Study of high density polyethylene (HDPE) pyrolysis with reactive molecular dynamics
Evidence and attribution¶
Slug / manifest mismatch
The wiki paper_id slug references Kowalik, but the registered PDF is Liu et al. in Polym. Degrad. Stab. 2014 (HDPE pyrolysis with ReaxFF). Front matter above matches the actual article; rename paper_id only via a governed migration.
Summary¶
This article applies ReaxFF molecular dynamics to high-density polyethylene (HDPE) pyrolysis using a 7216-atom model system—the authors state this as a first ReaxFF application to HDPE pyrolysis at this scale in their abstract. Simulations run in the NVT ensemble for 250 ps total sampling across 2000–3000 K conditions. Primary gas formation pathways are extracted with a post-processing tool VARMD that decodes reaction events from trajectories.
The work compares simulated product distributions and global kinetics (via an ωC31 kinetic framework described in the paper) to Py-GC/MS experiments and literature data on polyethylene thermolysis. The abstract reports that predicted ~90% mass-loss times fall near experimental ranges from the literature, and that detailed reaction networks from trajectories agree broadly with prior mechanistic literature.
Methods¶
1 — MD application (RMD, ReaxFF, LAMMPS)¶
Engine: LAMMPS reax package (Polym. Degrad. Stab. 2.1.2). FF: ReaxFF in the van Duin formulation (as cited in the Introduction; C/H parameters for alkanes in that lineage). System / composition: bulk HDPE (8 PE chains, n=150, ρ≈1.0 g/cm³), 7216 atoms in a cubic PBC box (edge ~38.2 Å after DREIDING/Amorphous Cell construction as described). Ensemble: NVT; Nose–Hoover-type thermostat (paper: Nosé–Hoover with damping 0.1 ps). Timestep: 0.25 fs. Protocol: one RMD trajectory at each temperature 2000 K, 2125 K, 2250 K, 2375 K, 2500 K, 2750 K, 3000 K for 250 ps; PBC in all directions as in the PE cell. Barostat / servocontrol of mean pressure: N/A — NVT only. Electric field: N/A. Replica / enhanced sampling: N/A—single RMD trajetories at each T. Analysis: VARMD to list elementary reactions from trajectories; kinetic treatment via ωC\(_{31}\) (paper) and comparison to Py-GC/MS + literature.
2 — Force-field training¶
N/A — uses established ReaxFF; DREIDING appears only for initial cell build and minimization, not RMD dynamics.
3 — Static QM / DFT¶
N/A — the contribution is ReaxFF RMD; no DFT reoptimization in this 2014 work.
Findings¶
The authors present atom-resolved scission pathways for HDPE at high temperature and argue that ReaxFF MD is a practical tool for mechanism mining despite high-T acceleration inherent to short MD windows. Overall kinetics from the ωC31 analysis are used to estimate timescales for deep conversion, matching order-of-magnitude experimental thermolysis timescales cited in the abstract.
Limitations¶
Short trajectories and high temperatures accelerate chemistry beyond typical lab ramp rates. ReaxFF uncertainty affects branching selectivity among radical pathways. The slug mismatch complicates corpus discovery until metadata is normalized.

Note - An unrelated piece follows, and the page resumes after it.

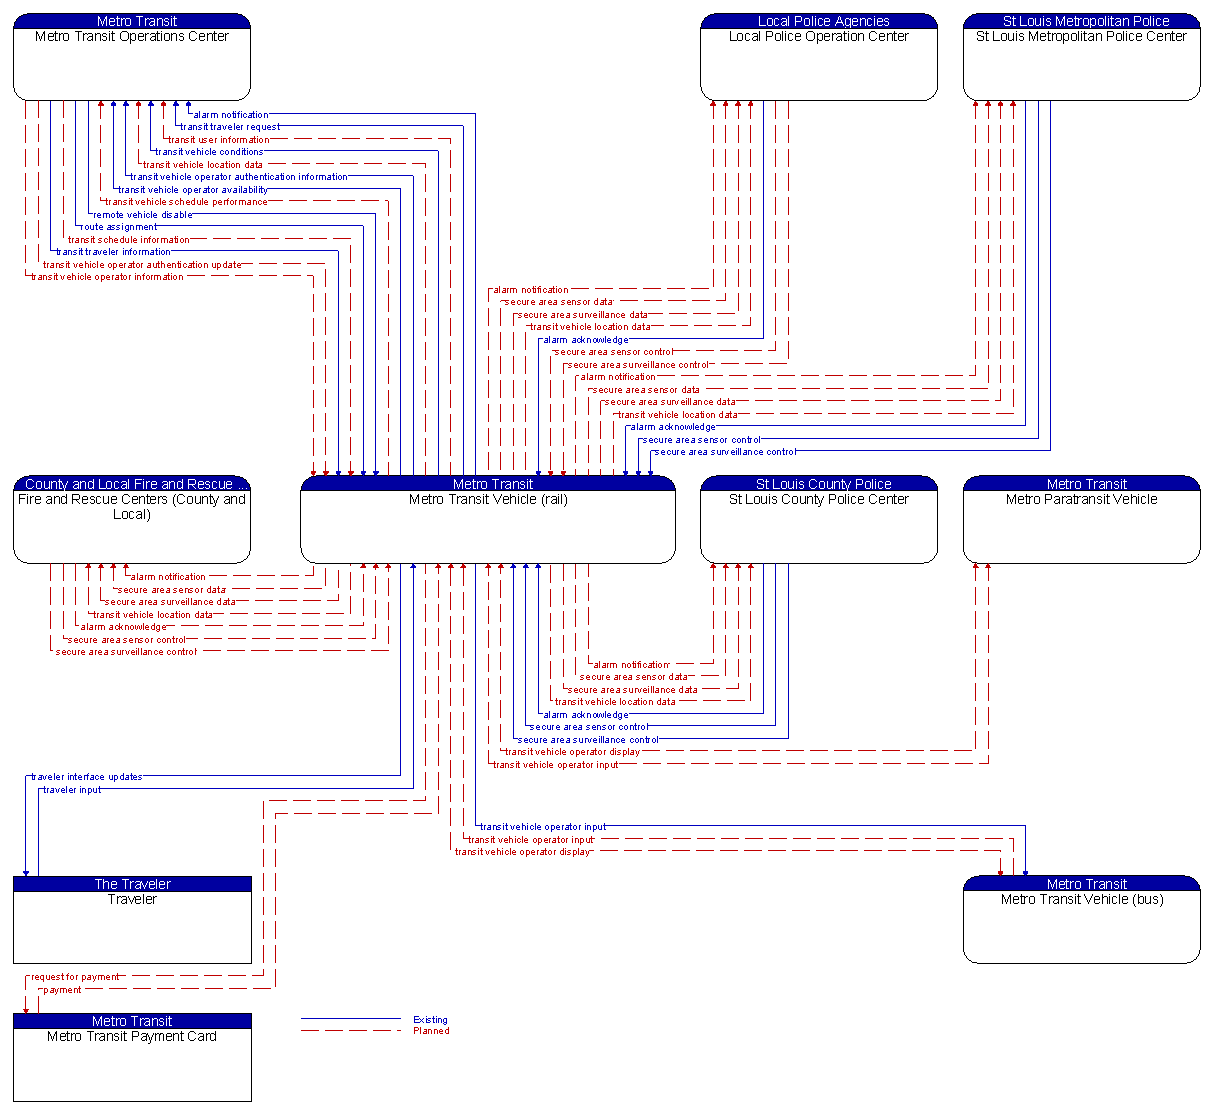 Context Diagram - Metro Transit Vehicle (rail)

VARMD-style decoding is the paper’s distinguishing feature: it converts reactive trajectories into human-auditable reaction lists, which is valuable for building mechanism diagrams for polymer pyrolysis even when absolute rates remain scale-sensitive.
Relevance to group¶
Polymer pyrolysis benchmark using ReaxFF + VARMD-style analysis—complements hydrocarbon combustion and pyrolysis papers in the broader ReaxFF corpus.

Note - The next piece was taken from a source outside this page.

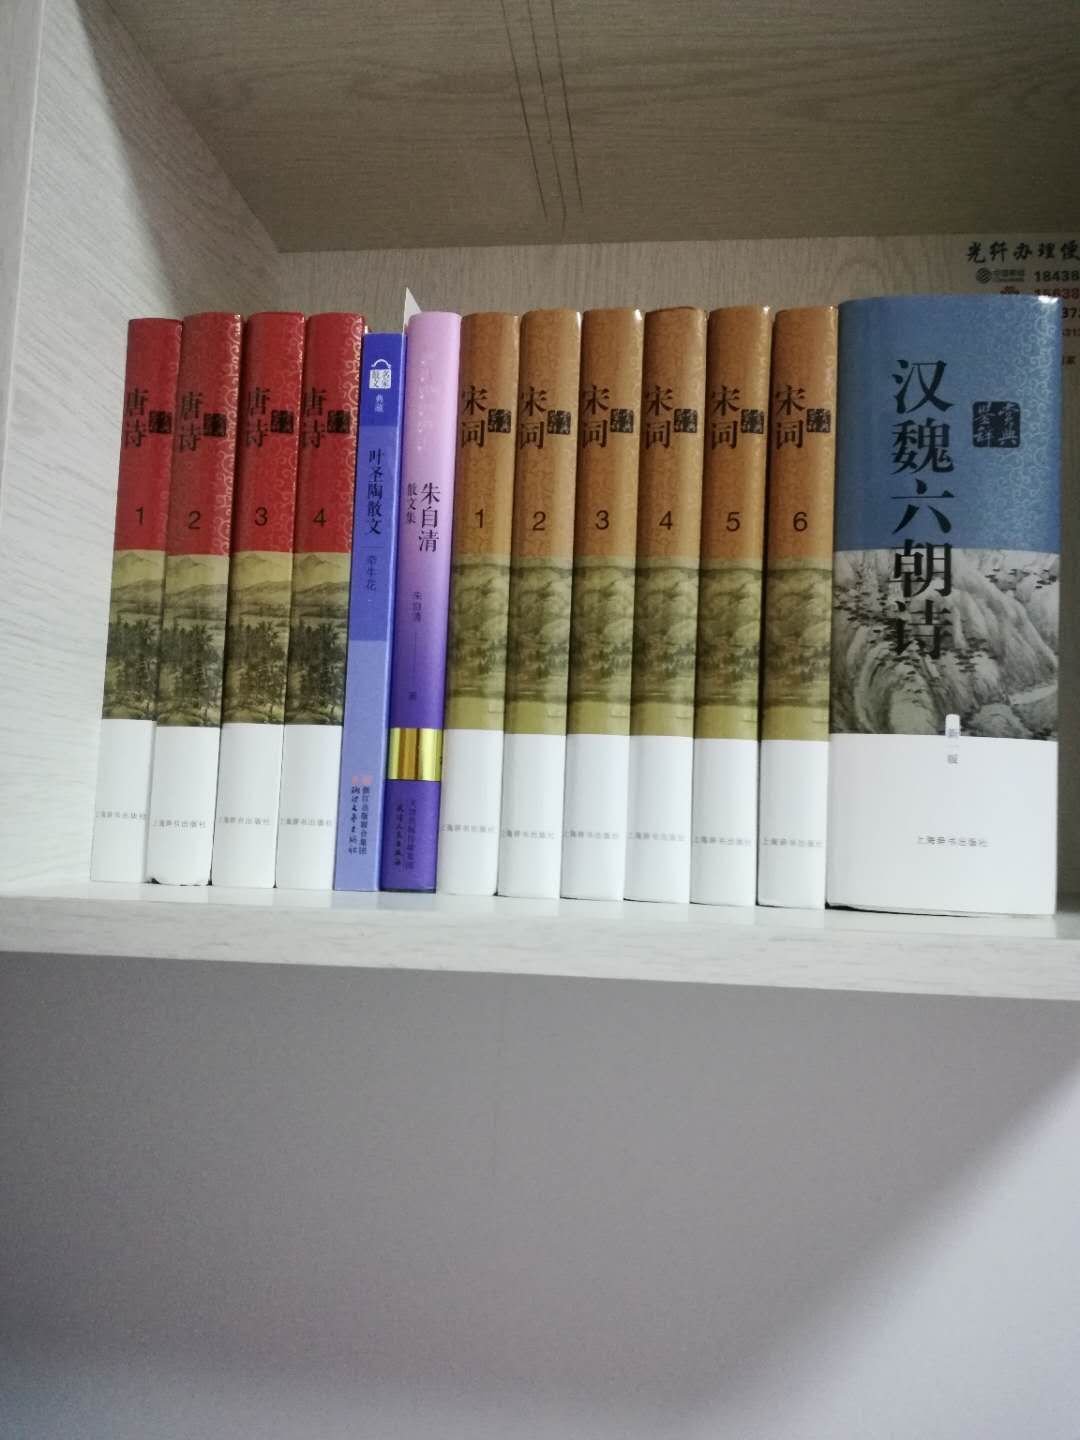 正版好书。上海辞书出版社????

Citations and evidence anchors¶
- DOI 10.1016/j.polymdegradstab.2014.03.022; Polym. Degrad. Stab. 104 (2014) 62–70.
- Corpus PDF:
papers/ReaxFF_others/Study of high density polyethylene (HDPE) pyrolysis with reactive molecular dynamics.pdf. - Excerpt alignment:
normalized/extracts/2019kowalik-venue-bez-tytu_p1-2.txt.
Reader notes (extended)¶
If you need a bibliography export, prefer doi + Polym. Degrad. Stab. metadata above rather than the filename stem, which reflects historical ingest naming rather than authorship.